The interior of the People’s Library. (Abe Frato)

“[People’s College for the Liberation of Palestine’s] goal is advancing goals of education and fundraising among the student body and acknowledging our positionality [as] students in an institution that is funding the Israeli occupation, and the fact that this is the financial institution that we hold the most stake in,” College third-year Olivia Wohlgemuth, an organizer in the People’s College and one of the students who helped draft the proposal, said. “So I think that, by nature, divestment is inextricable with the other work we’re doing around Palestinian liberation.”

Wohlgemuth said that the writers of the proposal had received confirmation from the administration that the proposal was submitted in time for the executive committee to review it at their meeting in June. The executive committee will then decide whether or not to bring the proposal before the Board of Trustees for a vote. Wohlgemuth said that she had high hopes that the executive committee would agree to bring the proposal to a vote given conversations the group had had with members of the committee.
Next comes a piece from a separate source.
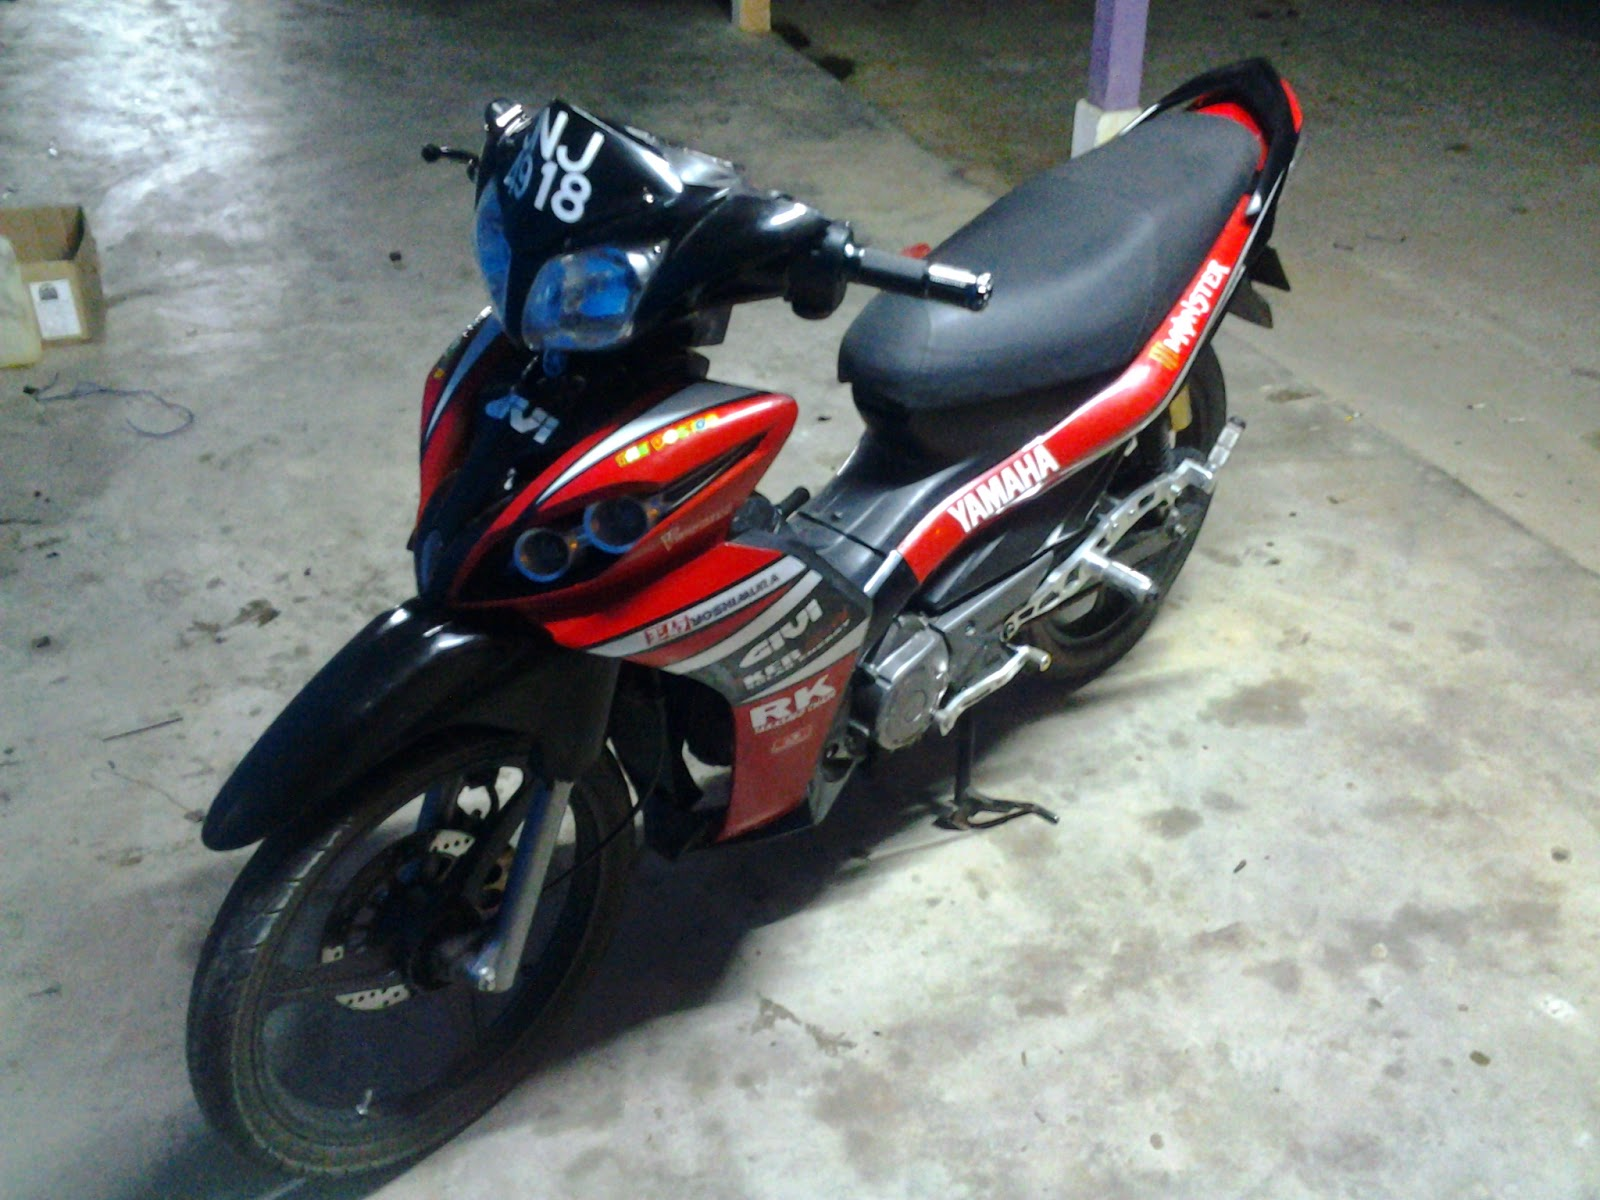 Tuned By Alang Motor Yamaha Lagenda 115zr Cam Merah In Action

College fourth-year Jonas Nelson, another student involved with the creation of the divestment proposal, said that the group decided to include a broad list of companies given that Oberlin cannot legally disclose which companies its endowment is invested in.  

“We kind of decided to go broad rather than specific and …  give the board the power to determine which [companies to divest from] because the lack of transparency made it difficult to make a very concise and focused list that might be easier to kind of reject based off of the lack of financial involvement,” Nelson said.
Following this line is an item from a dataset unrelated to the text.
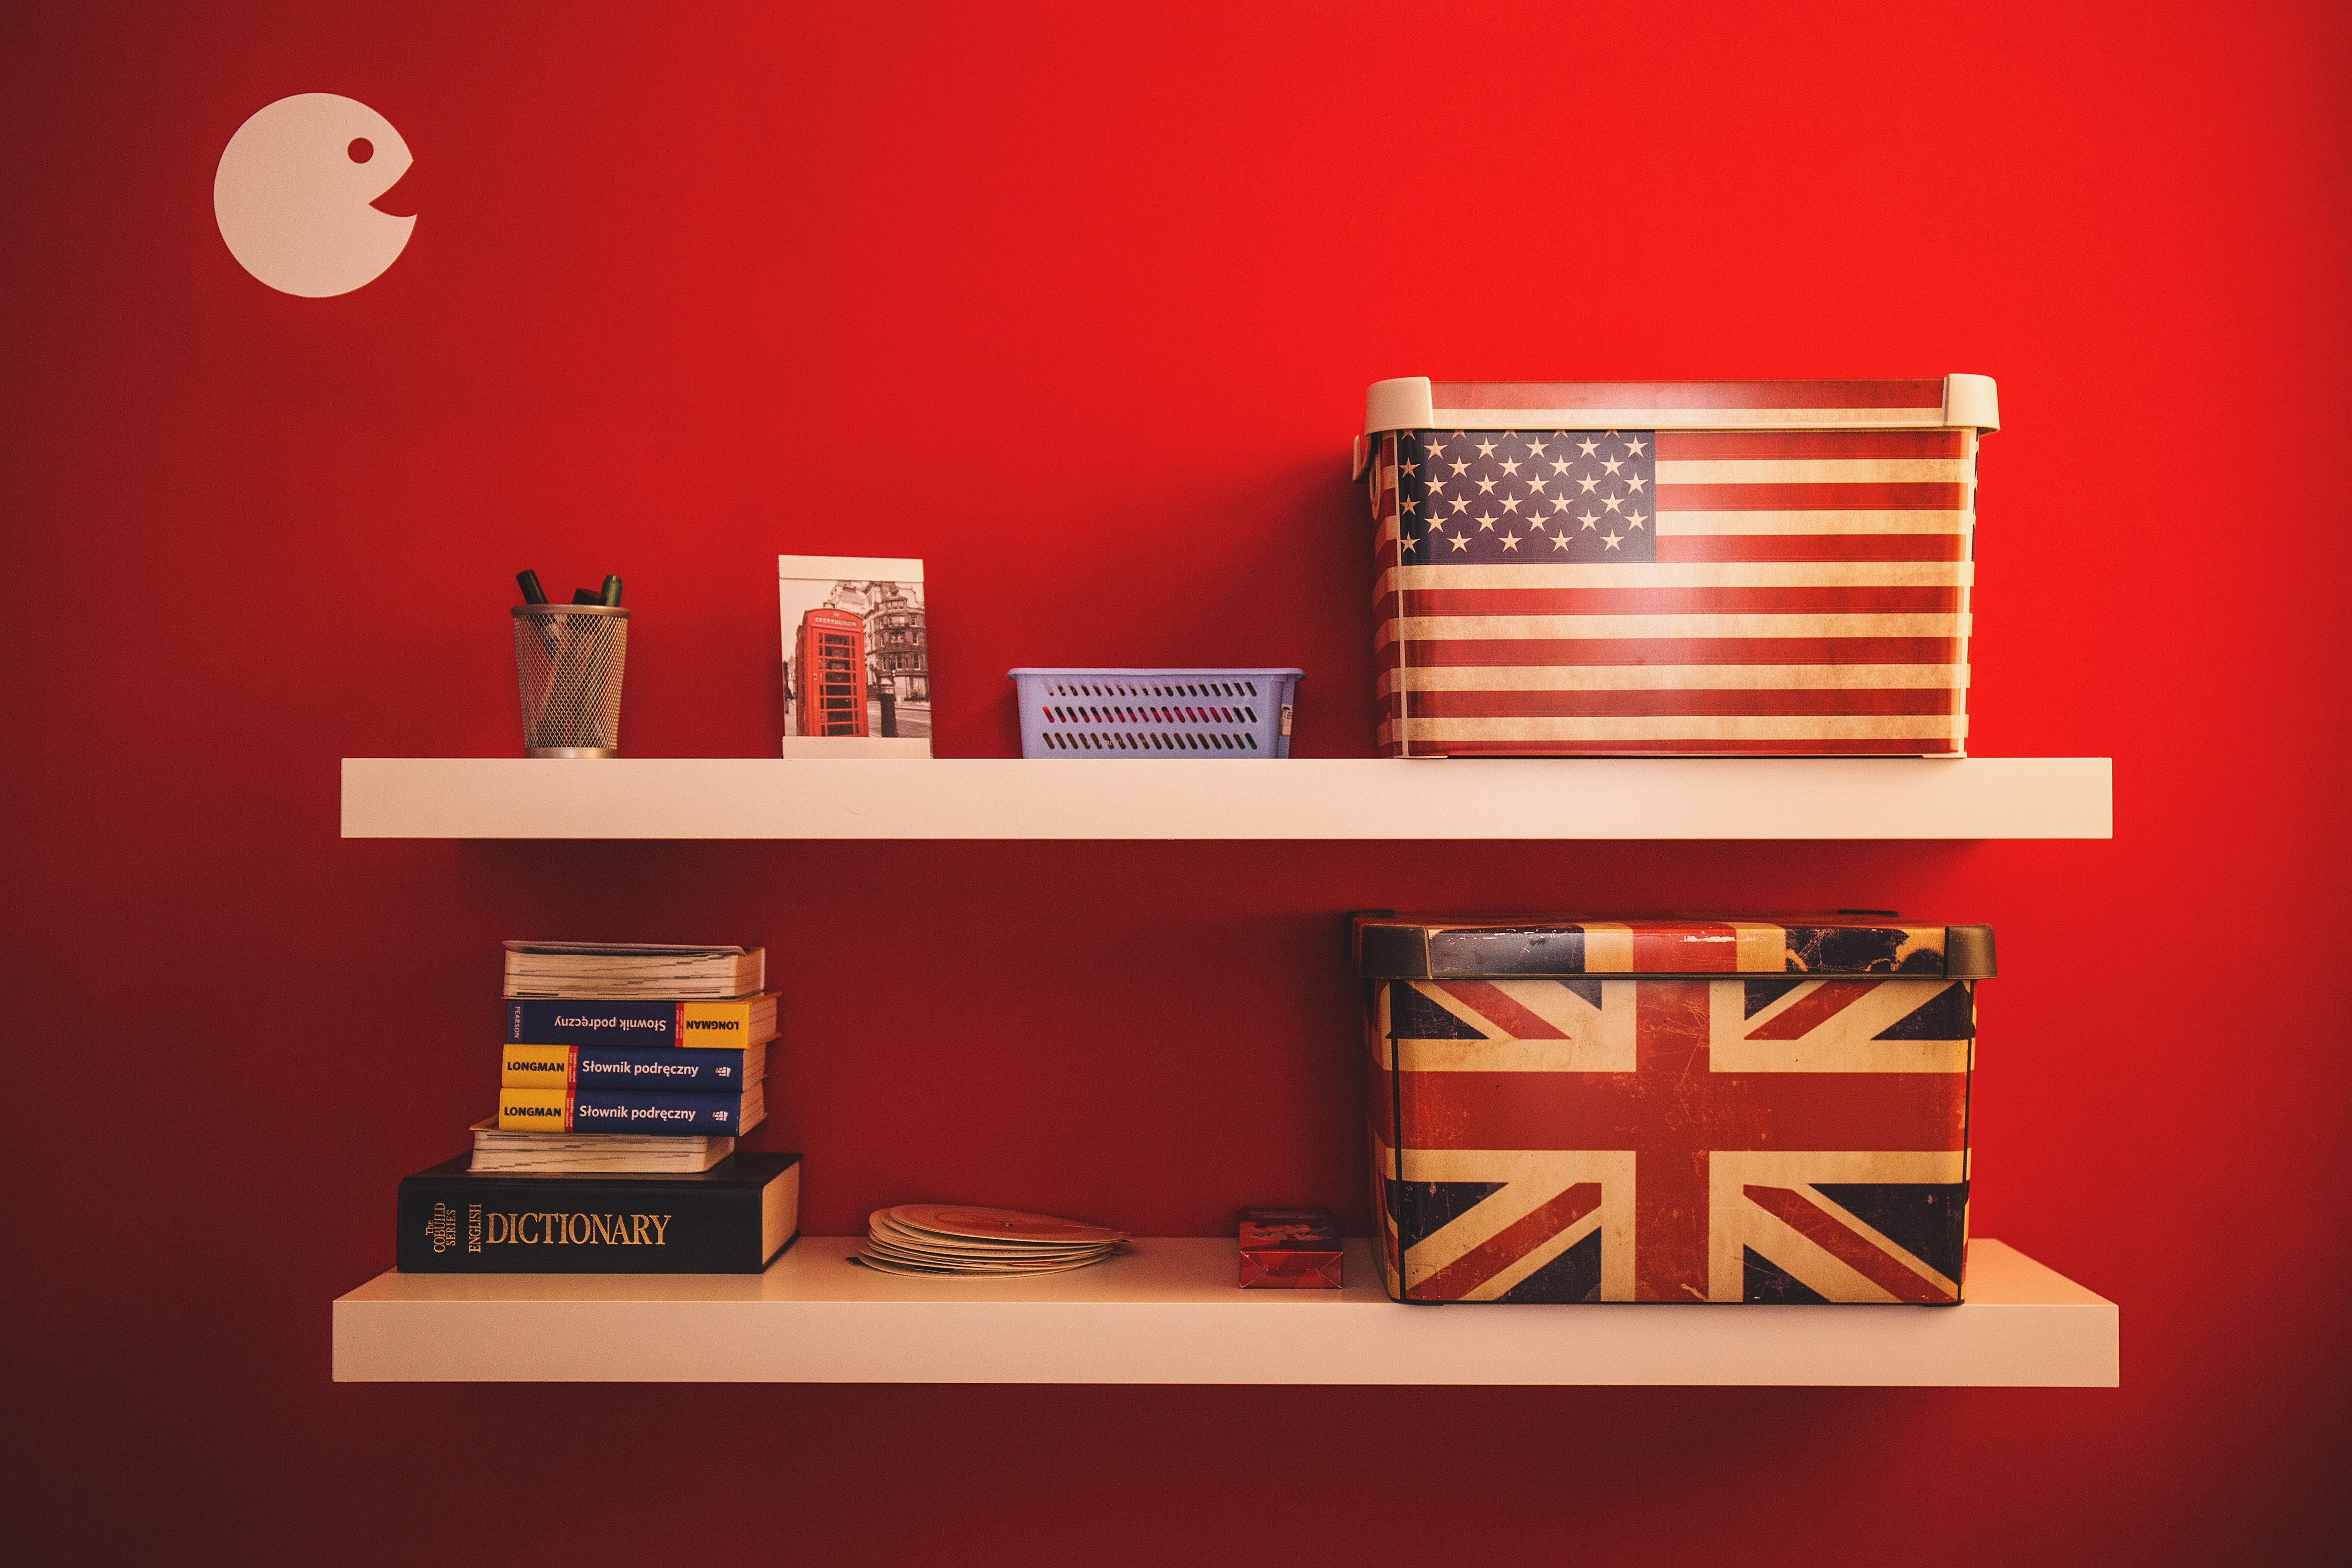 Innenarchitektur Usa kostenlose foto innere mauer rot usa amerikanische flagge

According to Nelson, the proposal includes a list of over 130 companies. Wohlgemuth and Nelson said that the proposal calls for divestment from companies that directly fund attacks classified as genocide by the International Court of Justice, the U.S. Federal Court, or UN experts and legal scholars; companies that provide military equipment to Israel; companies that operate within illegal Israeli settlements; companies that participate in the construction of the border wall between Israel and Palestine; and companies that aid the maintenance and expansion of Israeli settlements in Gaza, the West Bank, and East Jerusalem. 

Zahurullah said that the programming on Wilder Bowl may continue until the end of the semester.